If you want to make a difference you better be willing to embrace conflict. In fact, you better be creating and demanding it. How you deal with conflict is where the magic happens.
Here are some key points from Morton Deutsch’s “Cooperation and Conflict (pdf)”
“When it takes a constructive course, conflict is potentially of considerable personal and social value. It prevents stagnation, it stimulates interest and curiosity, it is the medium through which problems can be aired and creative solutions develped, it is the motor of personal and social change.”
Some benefits of cooperative relations:
- Effective communication.
- Collective and inclusive solution making.
- Cross functionality.
- Shared vision.
- Building on each others strengths.
- Mutual respect.
Negatives surrounding competitive relations:
- Personal agendas.
- Mistrust.
- Silo building.
- Hostility.
- Power hungry.
Deutsch’s Twelve Commandments of Conflict Resolution:
- Know what type of conflict you are involved in.
- Become aware of the causes and consequences of violence and of the alternatives to violence, even when one is very angry.
- Face conflict rather than avoid it.
- Respect yourself and your interests, respect the other and his or her interests.
- Distinguish clearly between “interests” and “positions”.
- Explore your interests and the other’s interests to identify the common and compatible interests that you both share.
- Define the conflicting interests between oneself and the other as a mutual problem to be solved cooperatively.
- In communicating with the other, listen attentively and speak as to be understood: this requires the active attempt to take the perspective of teh other and to check continually one’s success in doing so.
- Be alert to the natural tendencies to bias, misperceptions, misjudgements, and stereo-typed thinking that commonly occur in oneself as well as the other during heated conflict.
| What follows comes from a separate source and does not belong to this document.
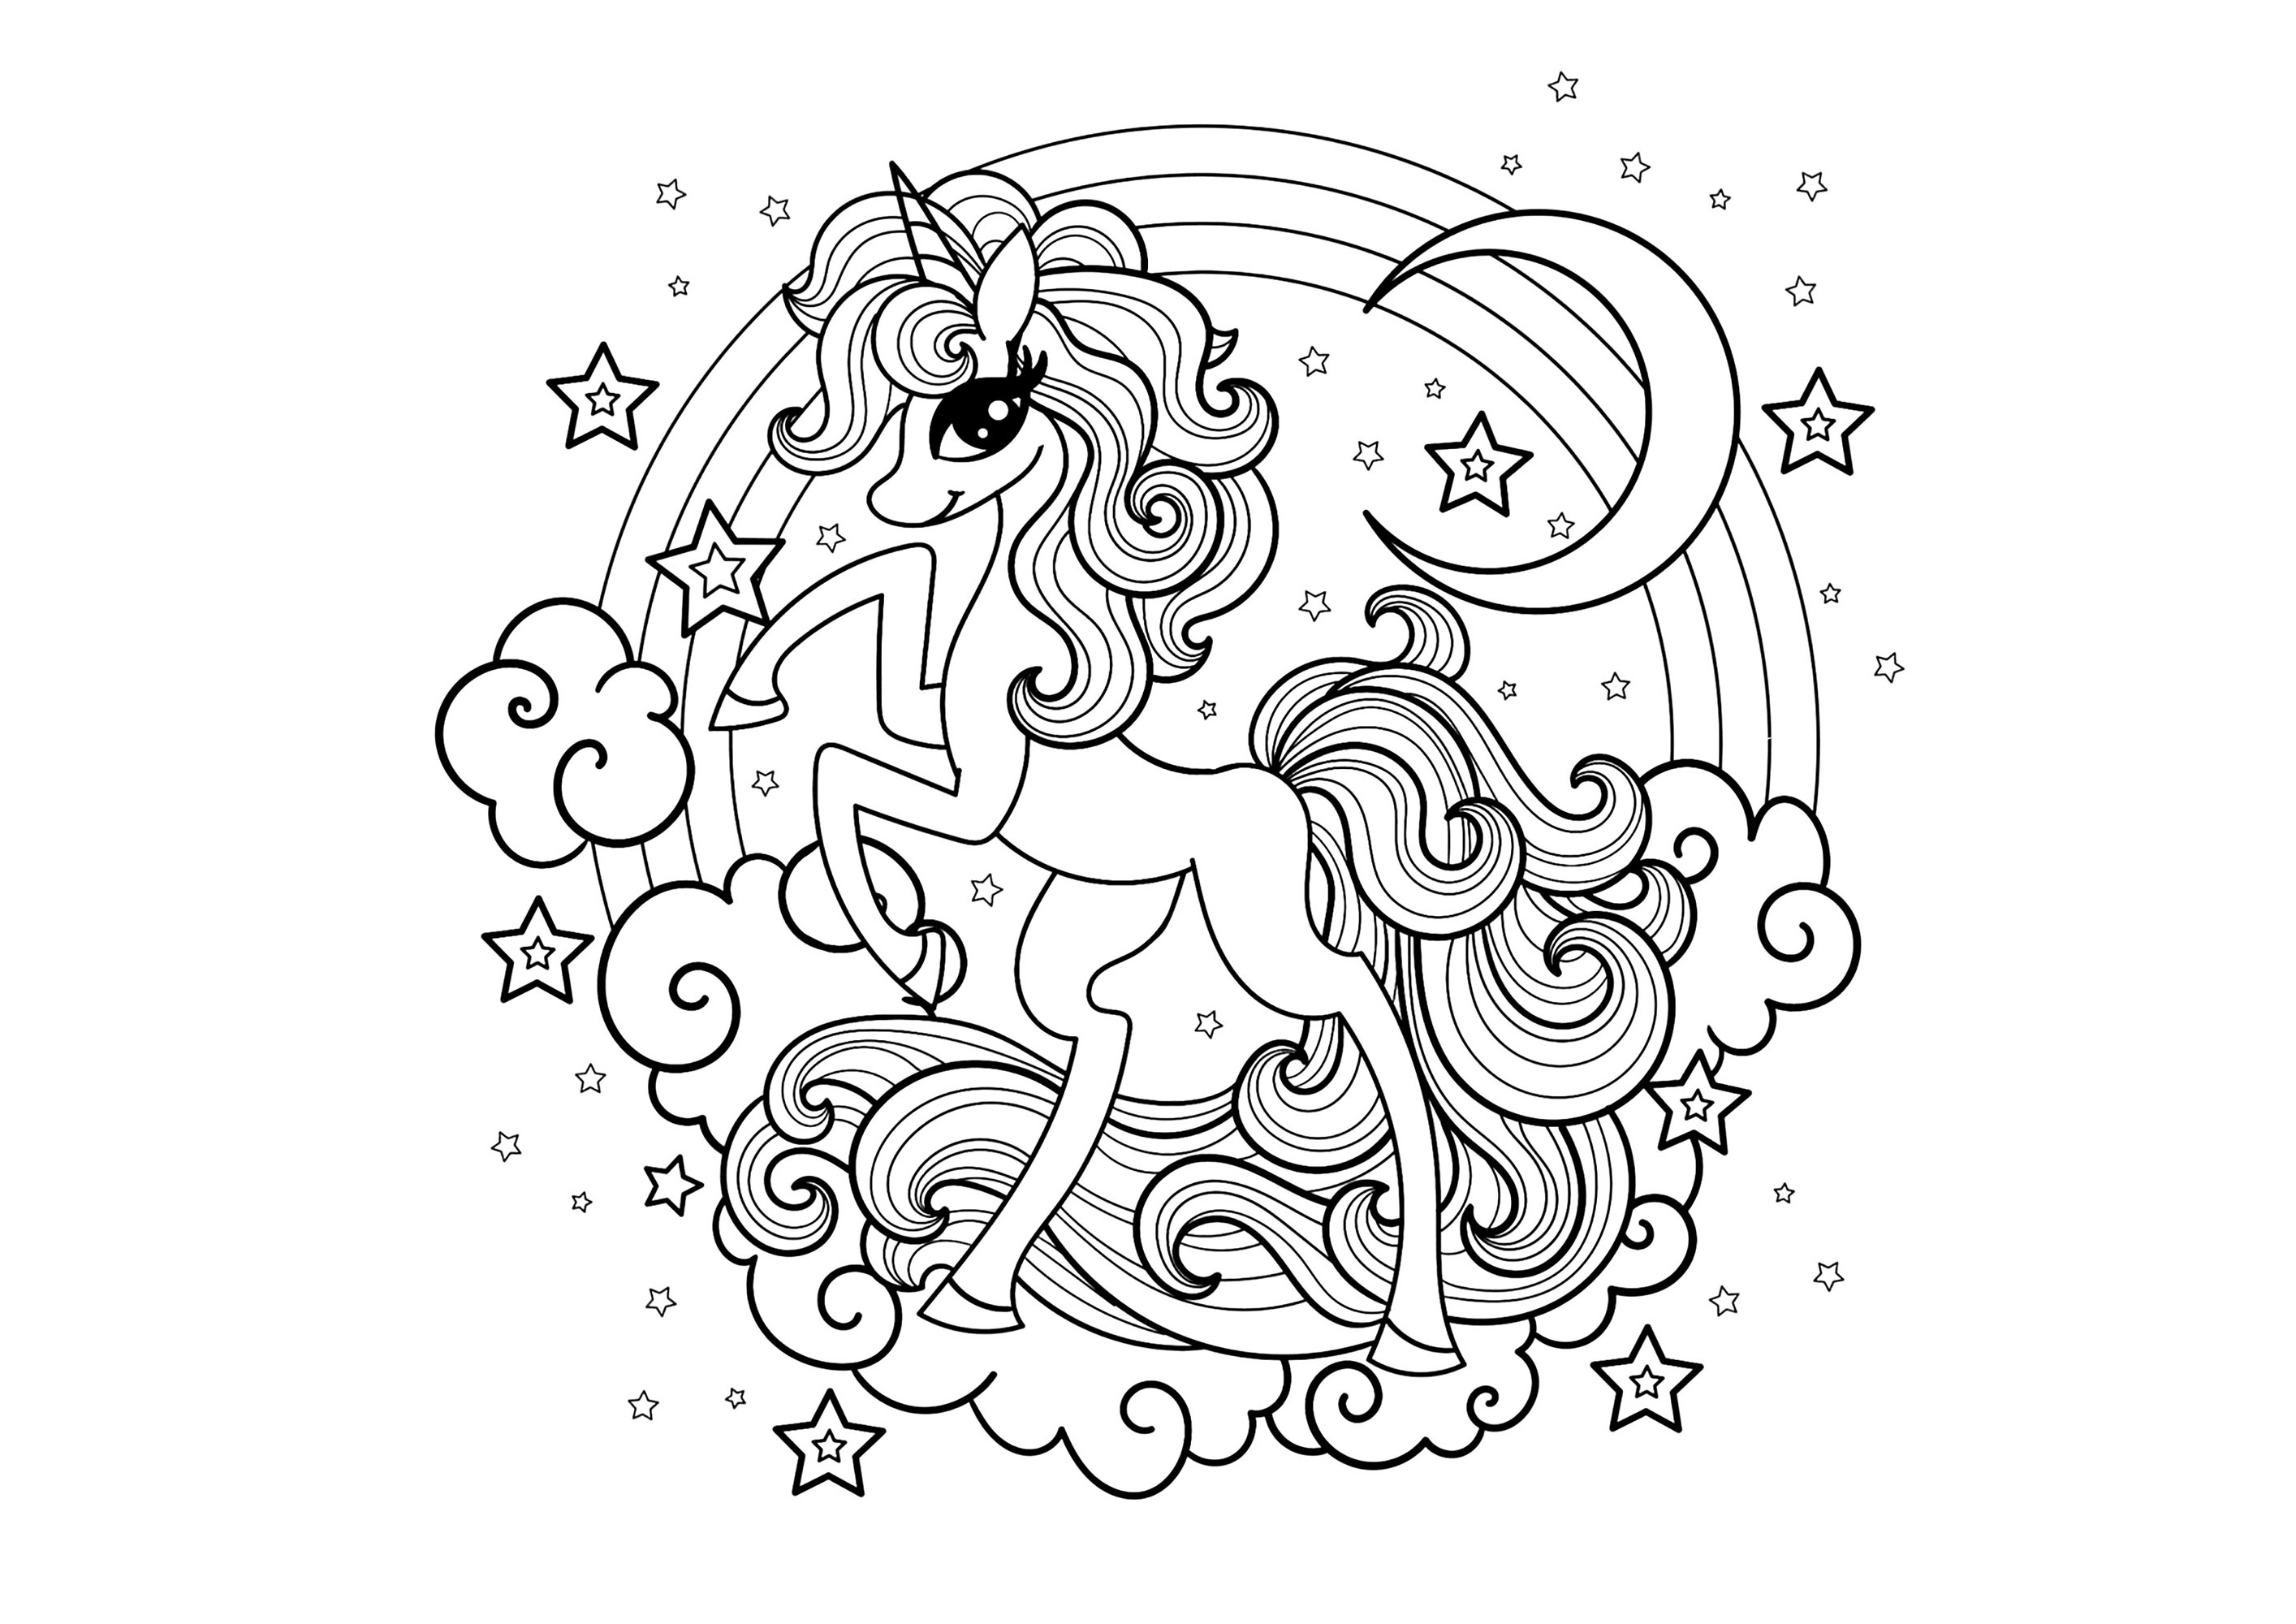 A Unicorn with a distinctive style. Pretty unicorn with rainbow, moon, clouds and stars, Artist : Zerlina1973   Source : 123rf

- Develop skills for dealing with conflicts so that one is not helpless nor hopeless when confronting those who are more powerful, those who do not want to engage in constructive resolution, or those who use dirty tricks.
- Know oneself and how one typically responds in different sorts of conflict situations.
- Conflict avoidance/Excessive involvement in conflict
- Hard/Soft
- Rigid/Loose
- Intellectual/Emotional
- Escalating/Minimizing
- Compulsively revealing/Compulsively concealing
- Finally, throughout conflict, one should remain a moral person, ie: a person who is caring and just, and should consider the other as a member of one’s moral community ie: someone who is entitled to care and justice.